LANGGUR, lensamata.id – Ketua DPRD Kabupaten Maluku Tenggara (Malra) Minduchri Kudubun, SE mengakui adanya kendala dalam pengusulan Pengganti Antar Waktu (PAW) Anggota DPRD Malra periode 2019-2024. Pasalnya, proses PAW anggota dari Partai Keadilan dan Persatuan (PKP) terkendala faktor internal partai.
Faktor internal yang melatarbelakangi kepengurusan PAW yakni terdapat dua Ketua Umum (Ketum) Partai dan bertabrakan agenda penting DPRD.
Berkaitan dengan itu, lanjut Kudubun pihaknya telah menerima dua surat pengusulan PAW anggota dari PKP dalam waktu yang berbeda. Selain itu, masing-masing surat itu pun ditandatangani oleh Ketua Dewan Pimpinan Kabupaten (DPK) yang berbeda.
Alhasil, kepengurusan partai yang berbeda ini turut mempengaruhi kepengurusan selanjutnya di tingkat pusat.

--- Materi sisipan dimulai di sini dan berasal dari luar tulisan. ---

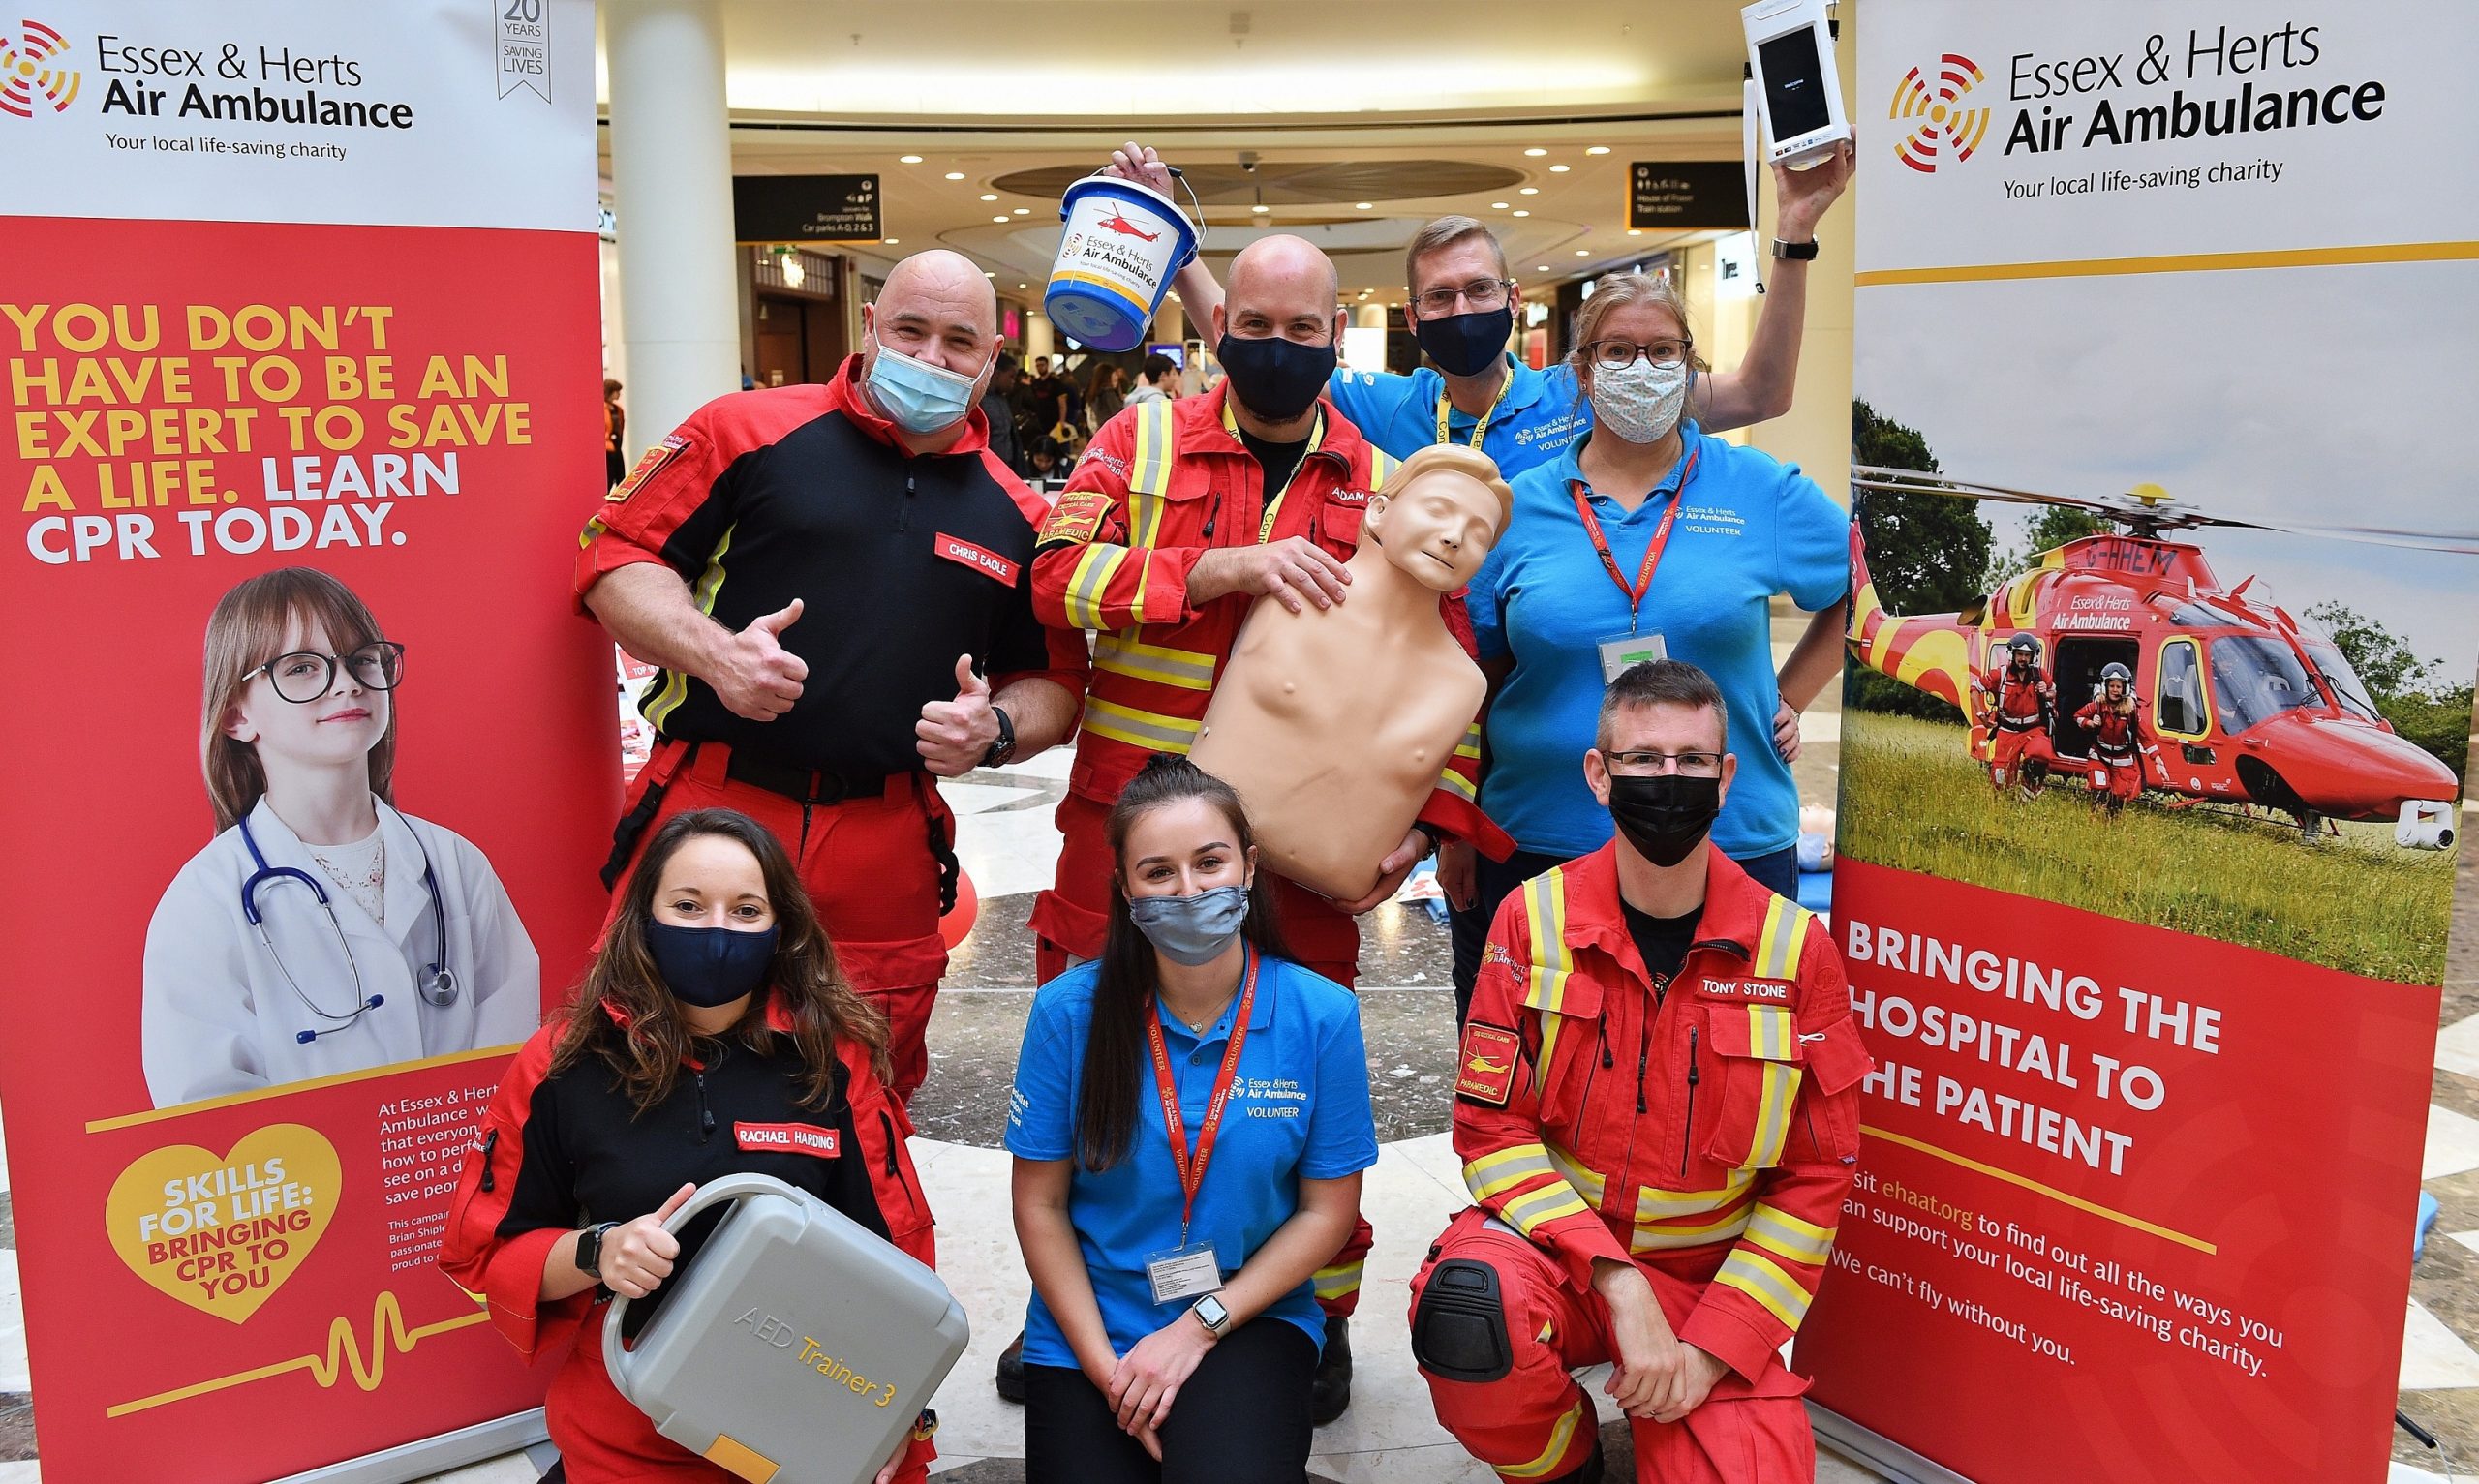 Local air ambulance delivers free CPR and defibrillation training to over 300 members of the public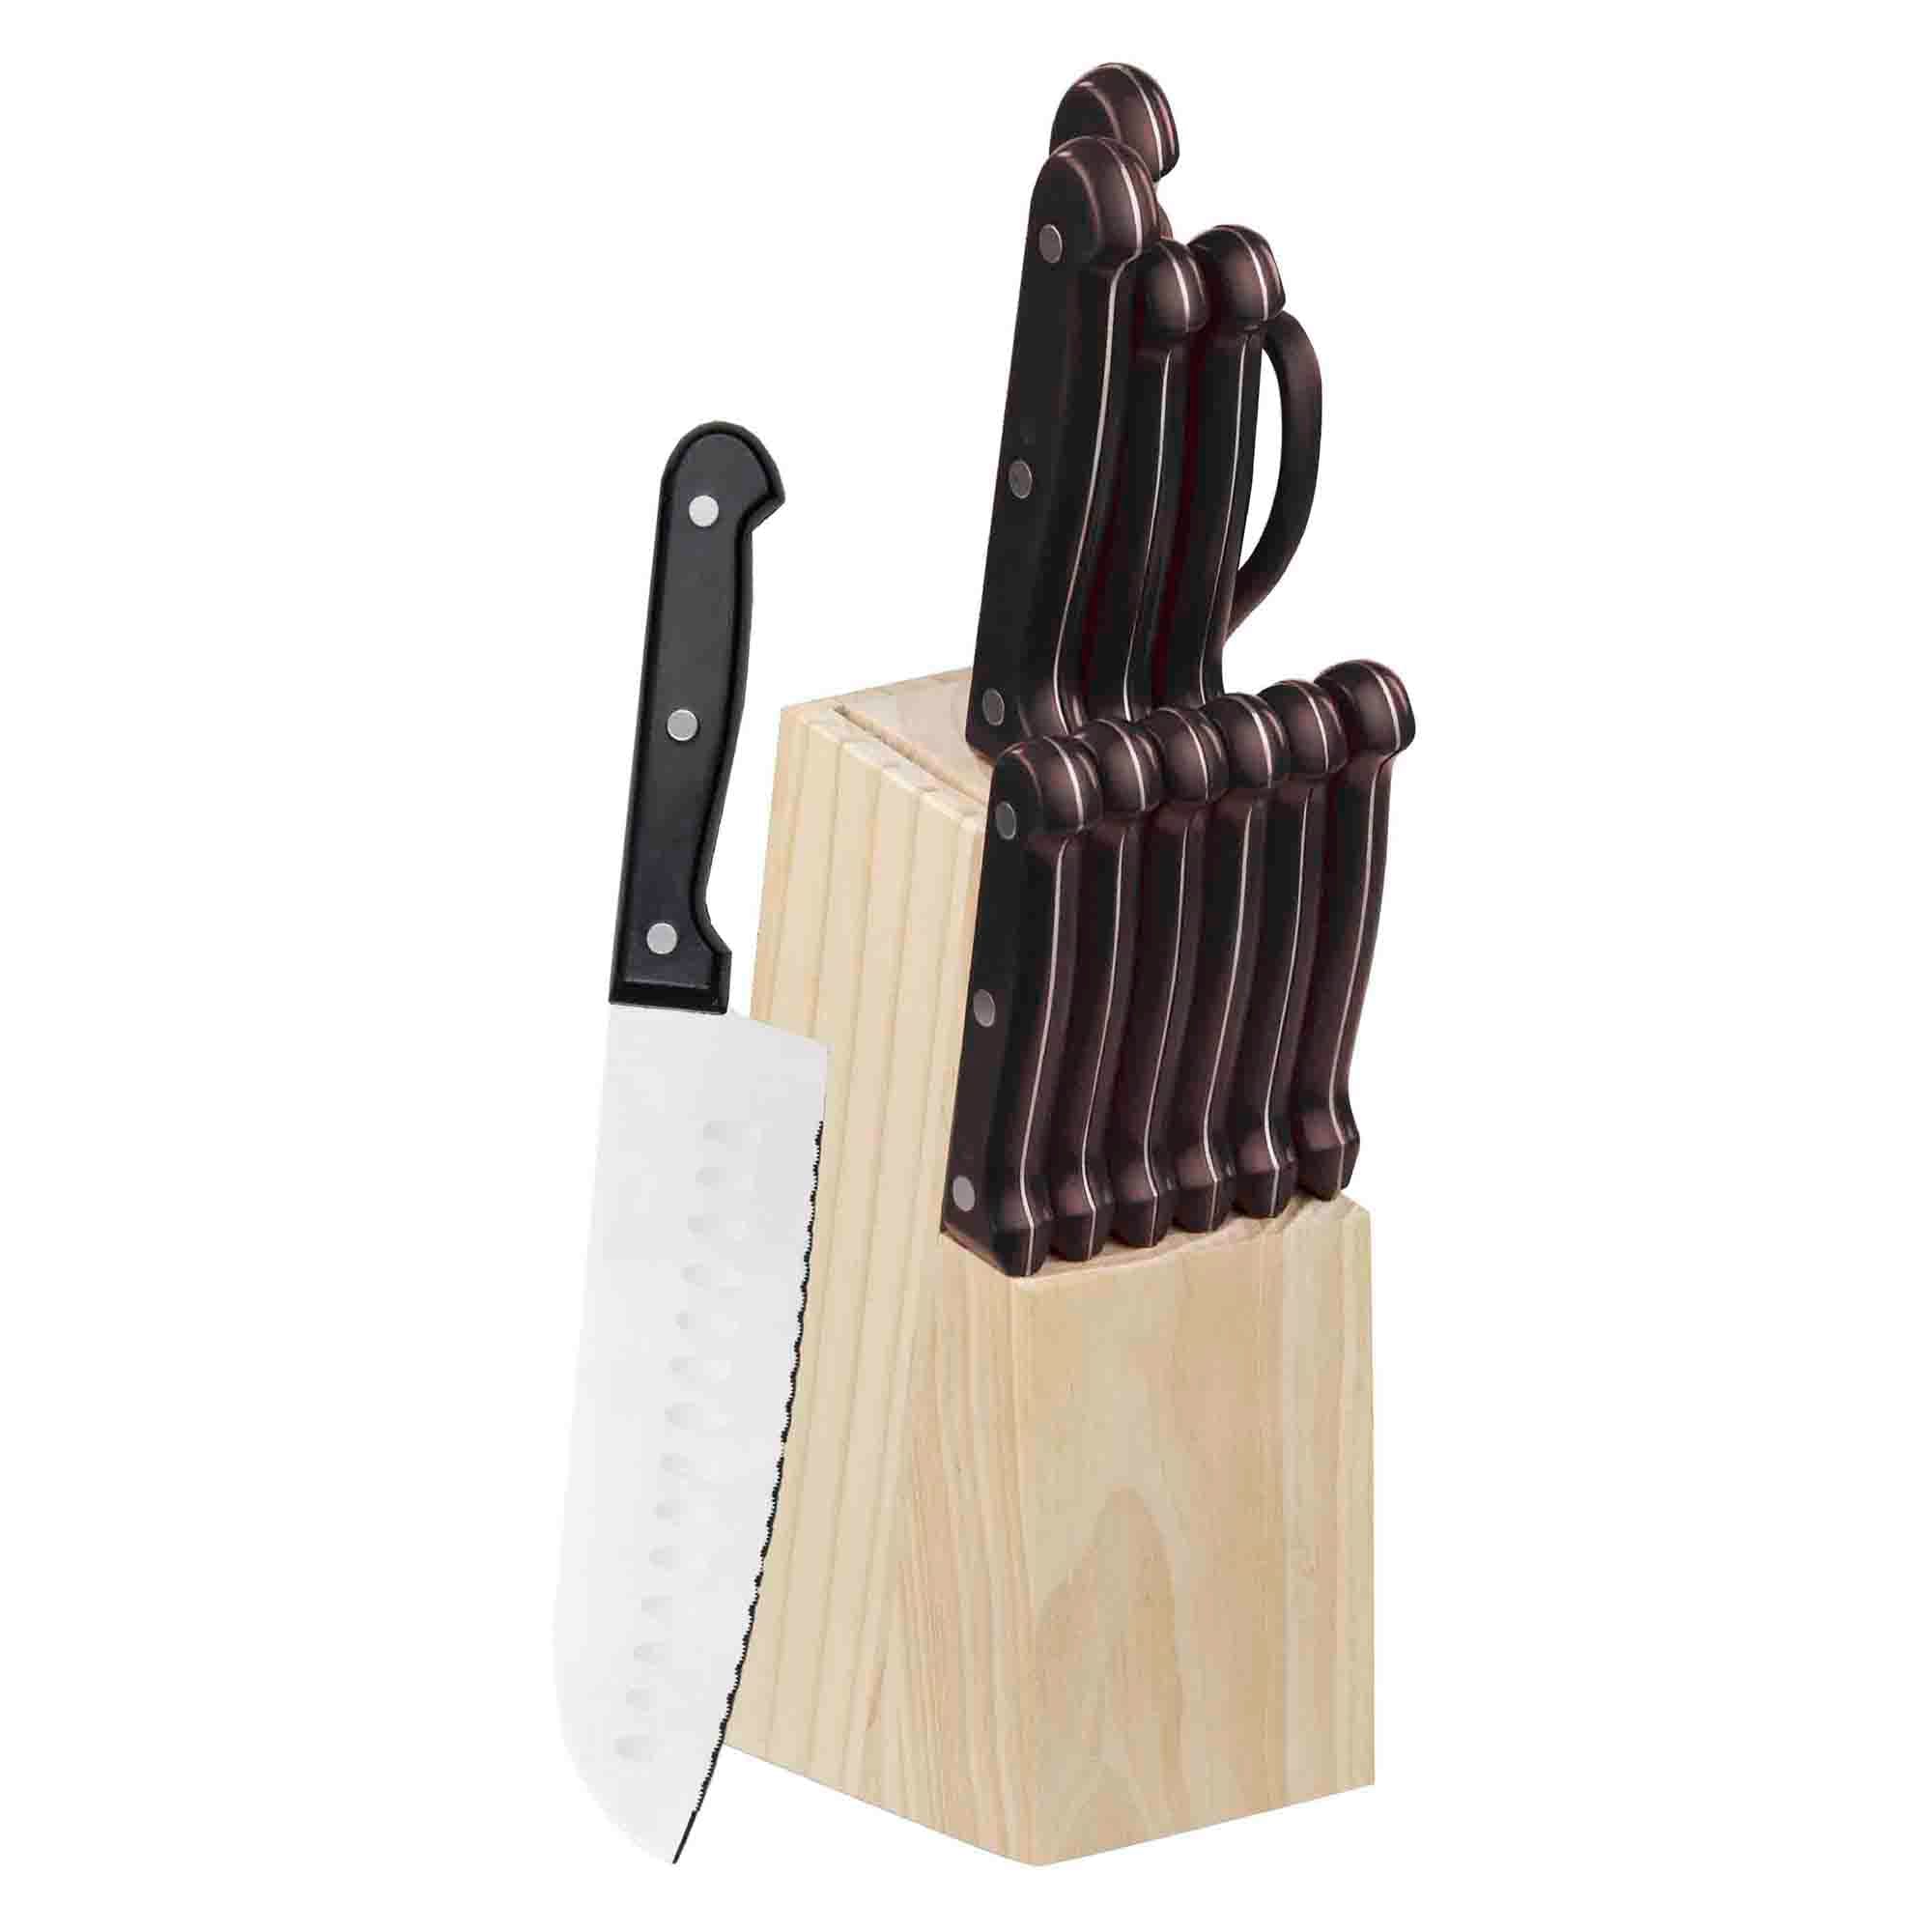 Home Basics 13 Piece Knife Set with Block in Black $10.00 EACH, CASE PACK OF 12

Seyogianya, kepengurusan Dewan Pimpinan Nasional (DPN) PKP memiliki dua Ketua Umum, sehingga menyebabkan pihaknya harus berkonsultasi lanjut dengan Kementerian Hukum dan HAM (Kemenkumham) di Jakarta dalam kaitannya dengan struktur PKP sehingga mempermudah kepengurusan DPRD di Kabupaten Malra.
“Dari sana (Kemenkumham) jawabannya adalah, mereka (PKP) harus selesaikan secara internal dulu baru mengusulkan kembali untuk mendapat pengesahan (kepengurusan partai),” jelas Kudubun di Langgur Sabtu, (12/8/2023).
Dari kepengurusan itu, pihaknya kemudian lanjut melakukan koodinasi dengan Komisi Pemilihan Umum (KPU) Malra untuk menindaklanjuti proses PAW ke KPU RI.
“Kita tidak ingin berlama-lama. Kita ingin agar cepat ada pengisian pengganti antar waktu,” ujar Politisi Partai Kebangkitan Bangsa (PKB) itu.
Ia menambahkan, proses pengurusan PAW dari PKP ini sebenarnya sudah direnacanakan sejak lama, namun sering terkendala dengan adanya agenda-agenda daerah yang tidak bisa ditinggalkan sehingga baru mulai berproses.
“Surat-surat sudah lengkap untuk besok kita kirim ke KPU,” ungkap Kudubun.
Untuk diketahui, ada dua Ada dua nama yang diajukan ke DPRD Kabupaten Maluku Tenggara (Malra) untuk diproses menjadi anggota DPRD PAW, menggantikan Almarhum Petrus Elmas yang meninggal dunia pada 27 Maret 2023 lalu. Dua nama itu adalah Jacobus B. Kameubun dan Salim Wear.